The relatively poor take-up of new treatments in the UK is one of the reasons listed in the report as ‘contributing to the higher death rate’. The Cancer Patient Support Group at The James Whale Fund for Kidney Cancer last week launched an online petition at No. 10 Downing Street calling for a review of the current system of NICE appraising newly licensed and approved Cancer drugs.

http://petitions.number10.gov.uk/NewCancerDrugs/

The news about poor uptake of cancer drugs comes as no surprise to kidney cancer patients from the James Whale Fund for Kidney Cancer; only last week kidney cancer patients received the devastating news that NICE have issued preliminary guidance to the NHS rejecting everolimus (trade name Afinitor & manufactured by Novartis) a new and innovative cancer drug for the second line treatment of advanced kidney cancer.

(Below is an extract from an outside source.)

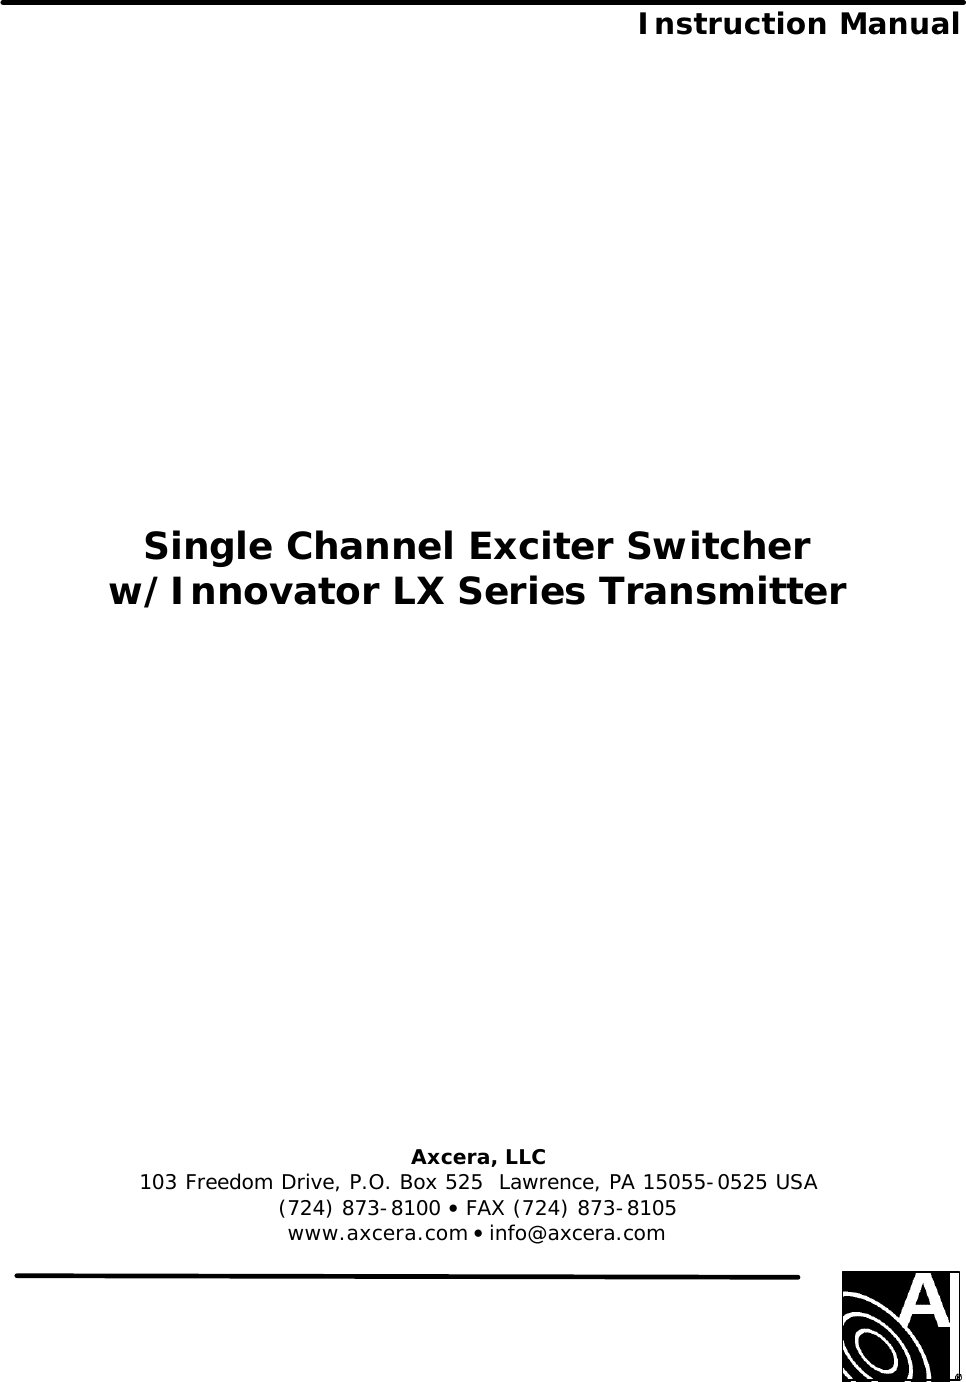  Instruction Manual                     Single Channel Exciter Switcher w/Innovator LX Series Transmitter                  Axcera, LLC  103 Freedom Drive, P.O. Box 525  Lawrence, PA 15055-0525 USA (724) 873-8100 • FAX (724) 873-8105 www.axcera.com • info@axcera.com

This comes despite NICE admitting “……..evidence implies that this treatment is clinically effective”.

This is just one example of the dire situation facing many cancer patients in the UK today. No matter what the cancer is, the poor uptake by NICE of cancer treatments is leaving the UK lagging far behind in survival rates.

Rose Woodward & Julia Black who work together helping cancer patients who have been refused funding for cancer treatments at The James Whale Fund for Kidney Cancer stated:

“The NICE decision means many of our UK kidney cancer patients will go without effective drugs, patients cannot afford to buy these drugs themselves and will die prematurely compared to the rest of the world. That is just not acceptable.”